Budget für die Ausbildungspflicht muss angehoben werden
Der Erfolg der Ausbildungspflicht wird wesentlich von den finanziellen Ressourcen abhängen. Im Budget für aktive Arbeitsmarktpolitik sind hierfür 6,8 Mio. Euro im ersten Jahr und max. 57 Mio. Euro in der Endausbauphase im Jahr 2020
vorgesehen. Der auf Basis der Erfahrungen aus Oberösterreich angenommene
durchschnittliche Mischkostensatz von ca. 10.000 Euro pro Jugendlichem pro Jahr
würde ein deutlich höheres Budget voraussetzen. Nimmt man vorsichtig an, dass
nur rund die Hälfte der vom IHS identifizierten 16.000 Jugendlichen ein längerfristiges, intensives Angebot (entsprechend dem Mischkostensatz) braucht, dann
würden hierfür rund 80 Mio. Euro in der Endausbauphase notwendig sein. Angesichts der breiten inhaltlichen Relevanz sollte eine gleichwertige Kostenbeteiligung durch die Ministerien für Wirtschaft, Familien sowie für Bildung erfolgen.

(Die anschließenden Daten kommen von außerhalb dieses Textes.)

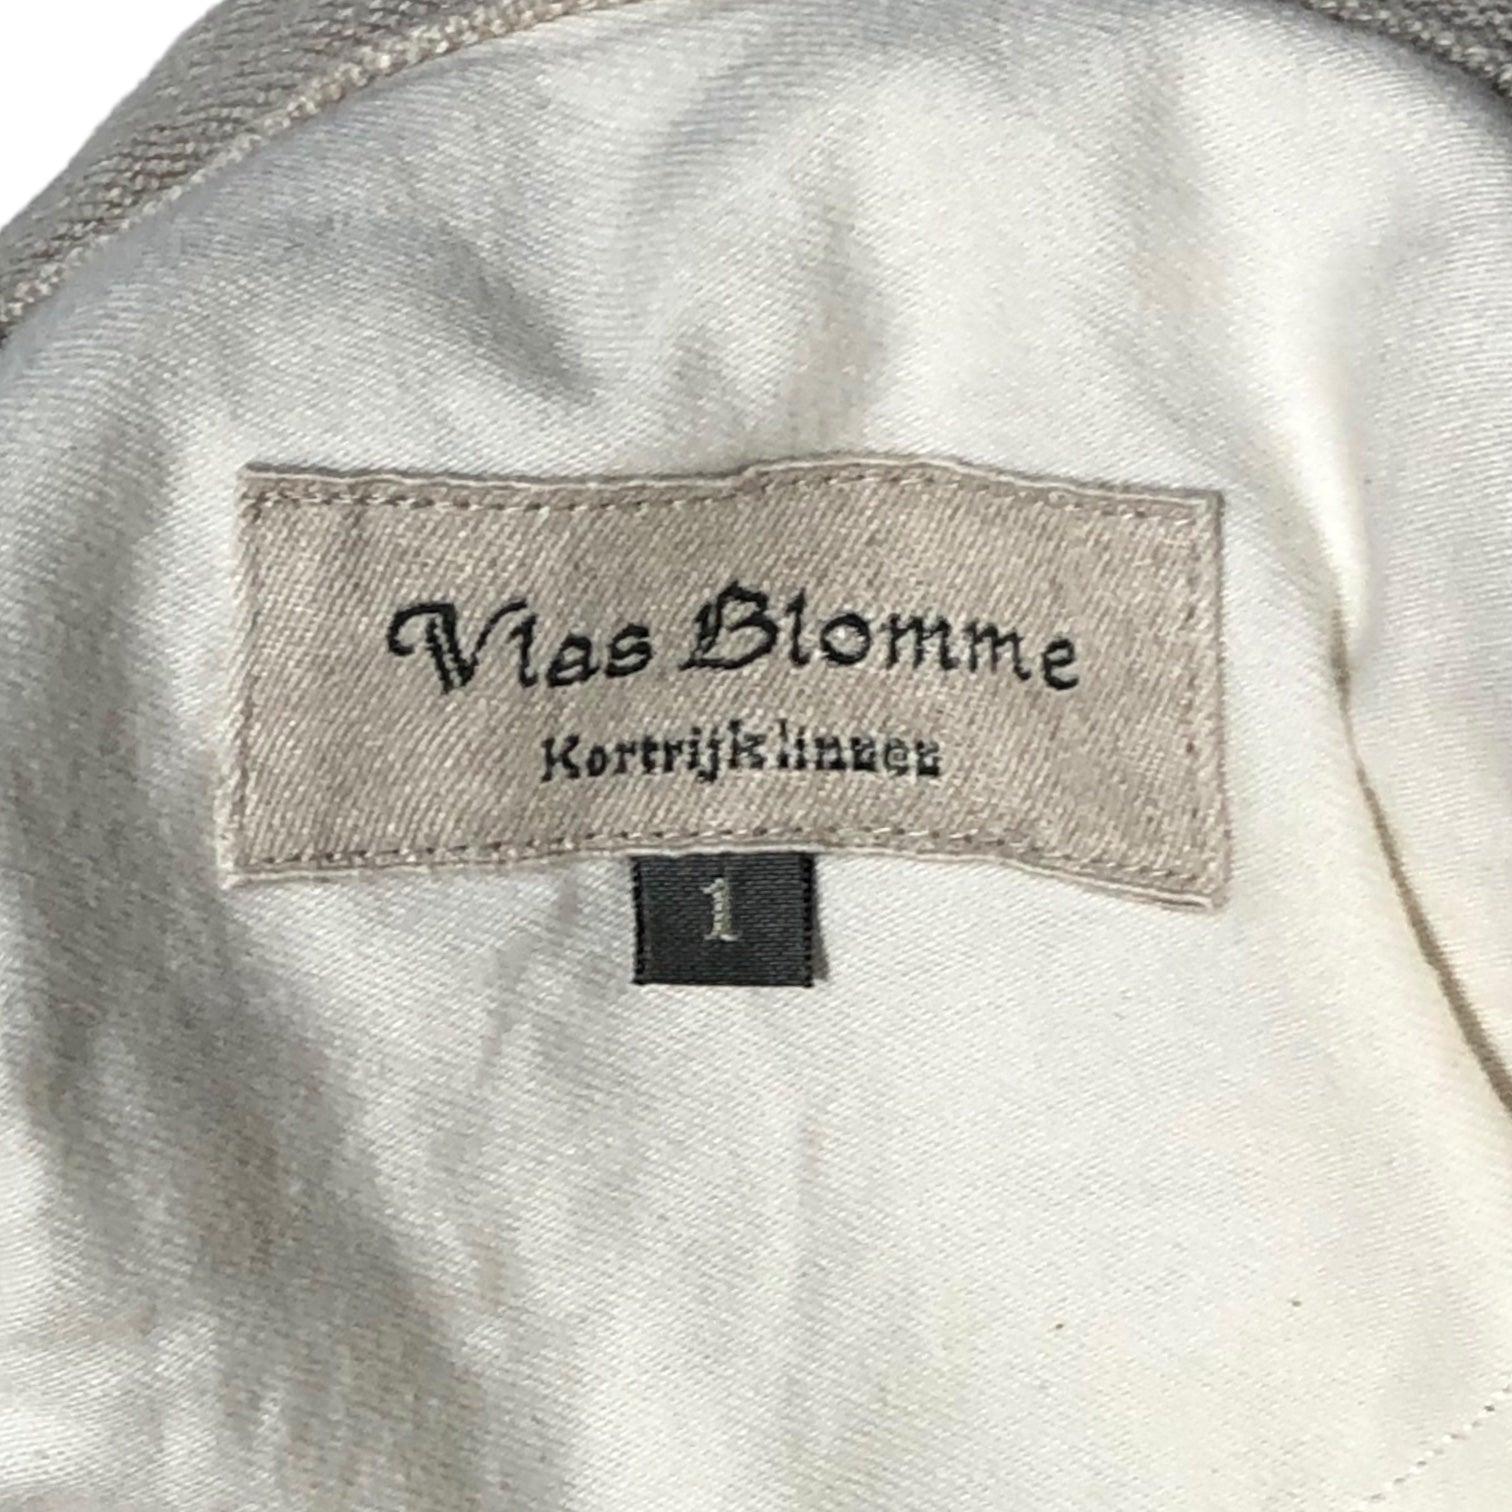 Vlas Blomme(ヴラスブラム) linen pants コルト パンツ コルトレイクリネン 133041 1(S) ベージュ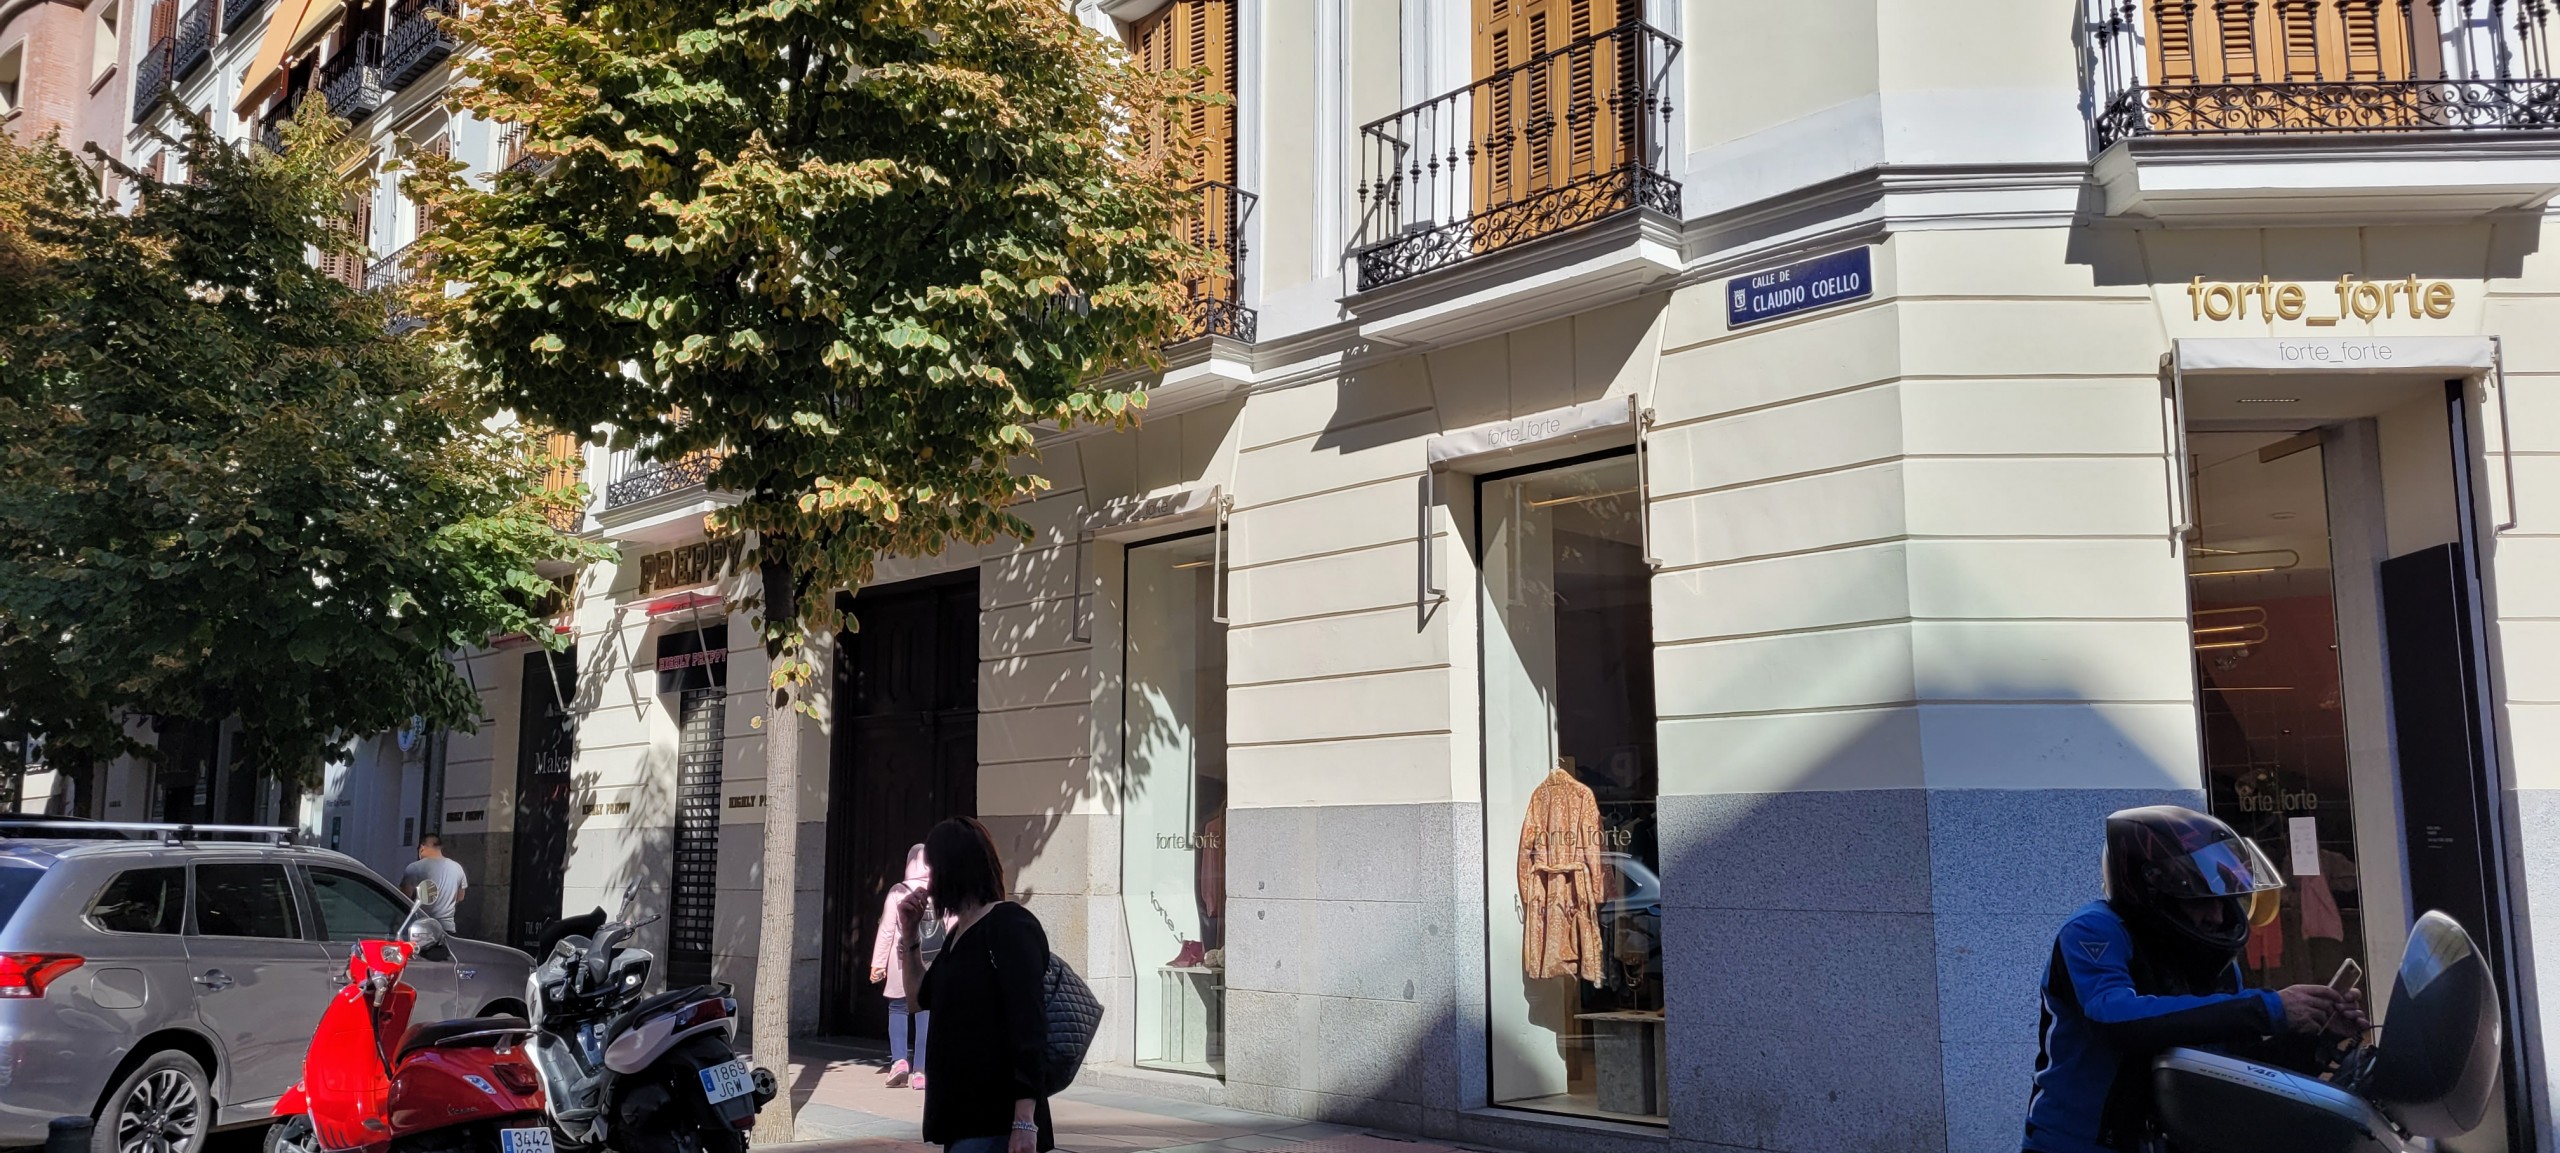 Local comercial en alquiler – Claudio Coello, 72 Madrid Barrio Salamanca

Investitionsprogramme zur Ankurbelung der Konjunktur nötig
Das zentrale Problem der Knappheit an Arbeitsplätzen wird durch die Ausbildungspflicht nicht gelöst. Es braucht vielmehr umfassende Investitionsprogramme
zur Ankurbelung der Konjunktur und zur Schaffung von Beschäftigung. Der
Schwerpunkt sollte auf Investitionen zum Ausbau der Bildungs- und Kinderbetreuungsinfrastruktur gelegt werden. Dies würde u.a. junge Erwachsene mit Betreuungspflichten eine Erwerbstätigkeit oder Ausbildung erleichtern.